I’d take Car and Driver’s mpg with a grain of salt, they typically flog their test vehicles pretty hard. Still I think mid teens was about the best this woudl do with the V8.
This. I’m sure that mileage includes all their acceleration testing as well. I subscribed to that mag for years; they almost always got lowsy mileage with their testers.
From browsing Fuelly.com, it looks like these got about 13 – 17 mpg for the regular folk.
That sounds about right.

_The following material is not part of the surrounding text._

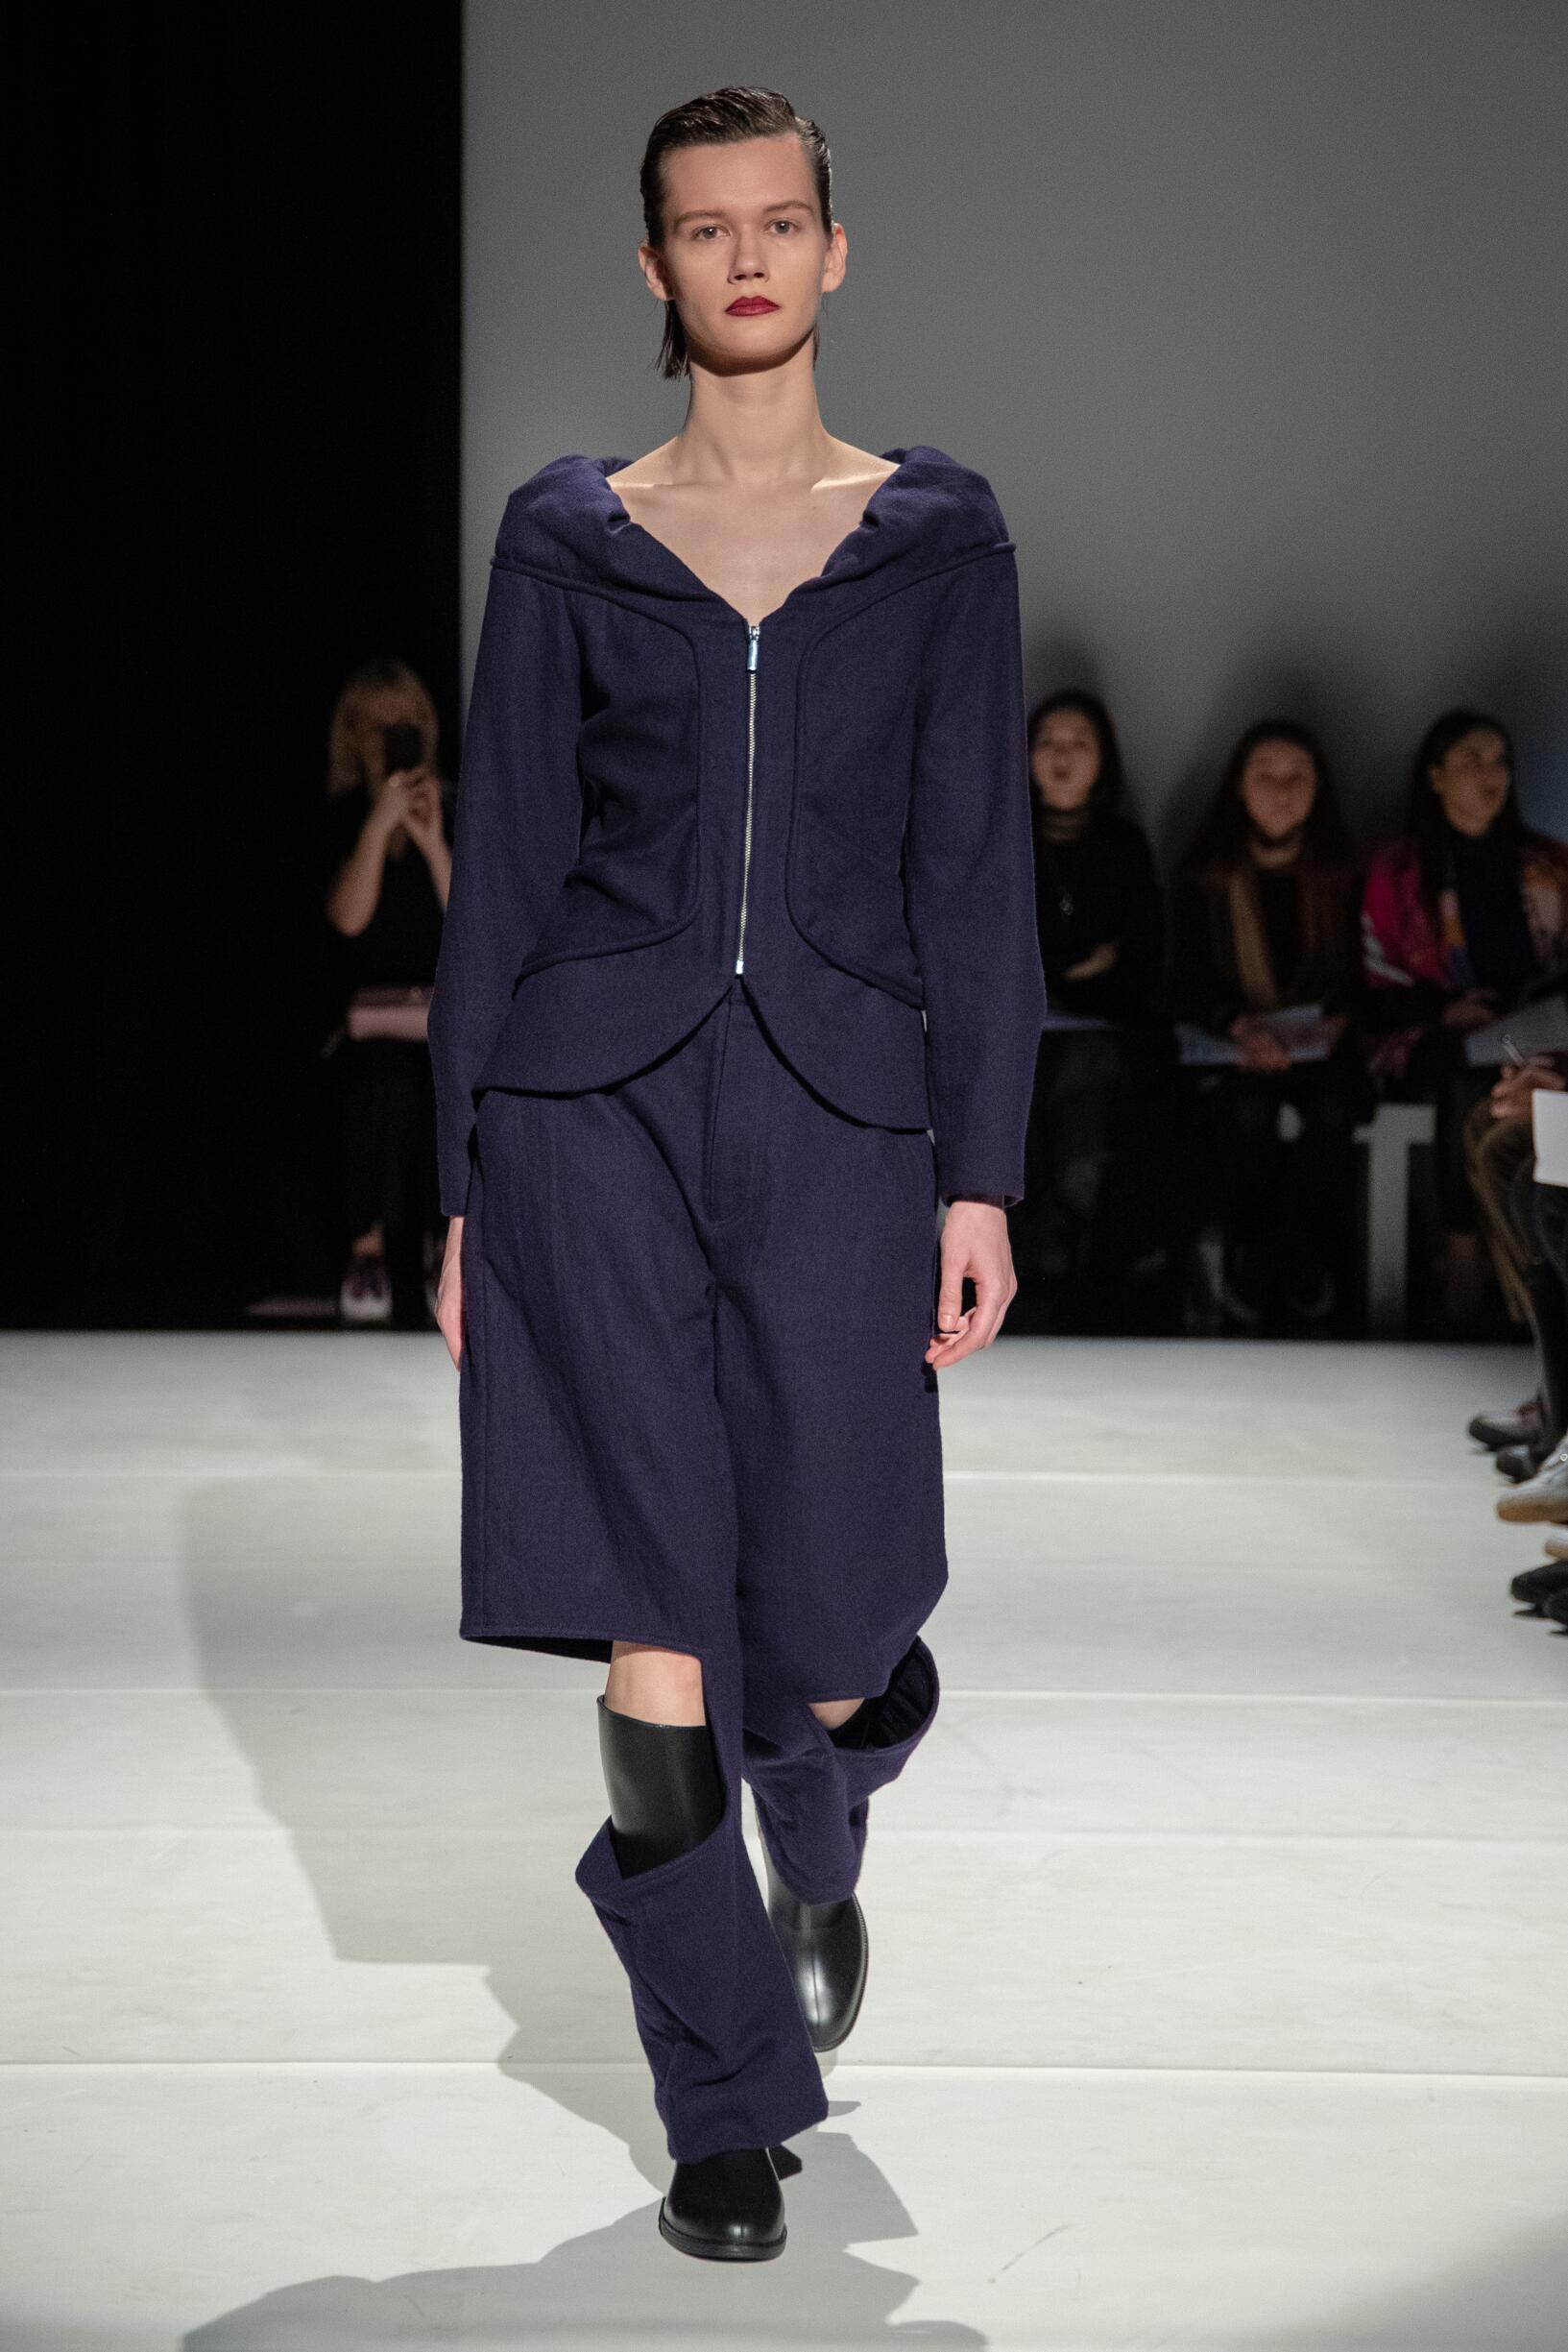 CHALAYAN FALL WINTER 2019 WOMEN'S COLLECTION | The Skinny Beep

My exwife had an 07 grand cherokee with similiar drivetrain, slightly smaller and probalby a little slippier, but still it was around 17-18 on a good day.
I had a hemi commander limited with full time 4wd and got 8-12mpg. 17 would have been miraculous but the smaller and not FT4wd may have done that well.
I don’t remember the gas mileage being this bad with ours and the Hemi and I pay close attention to such things.
Back in 2005, I had a Commander as a rental when I was working in Lake Tahoe. What I recall most vividly was waiting in traffic to make a left turn. There was finally a small break in the line of oncoming cars so I punched it… And nothing happened other than the Commander nosed into the opposite lane with cars heading towards me! So I let off the go-pedal. And then the vehicle surged forward when I wasn’t expecting it to. I was only in my 30s back then, but I think that’s the closest I came to having a heart attack.
Busy traffic is no place to have throttle-by-wire brain farts in a vehicle.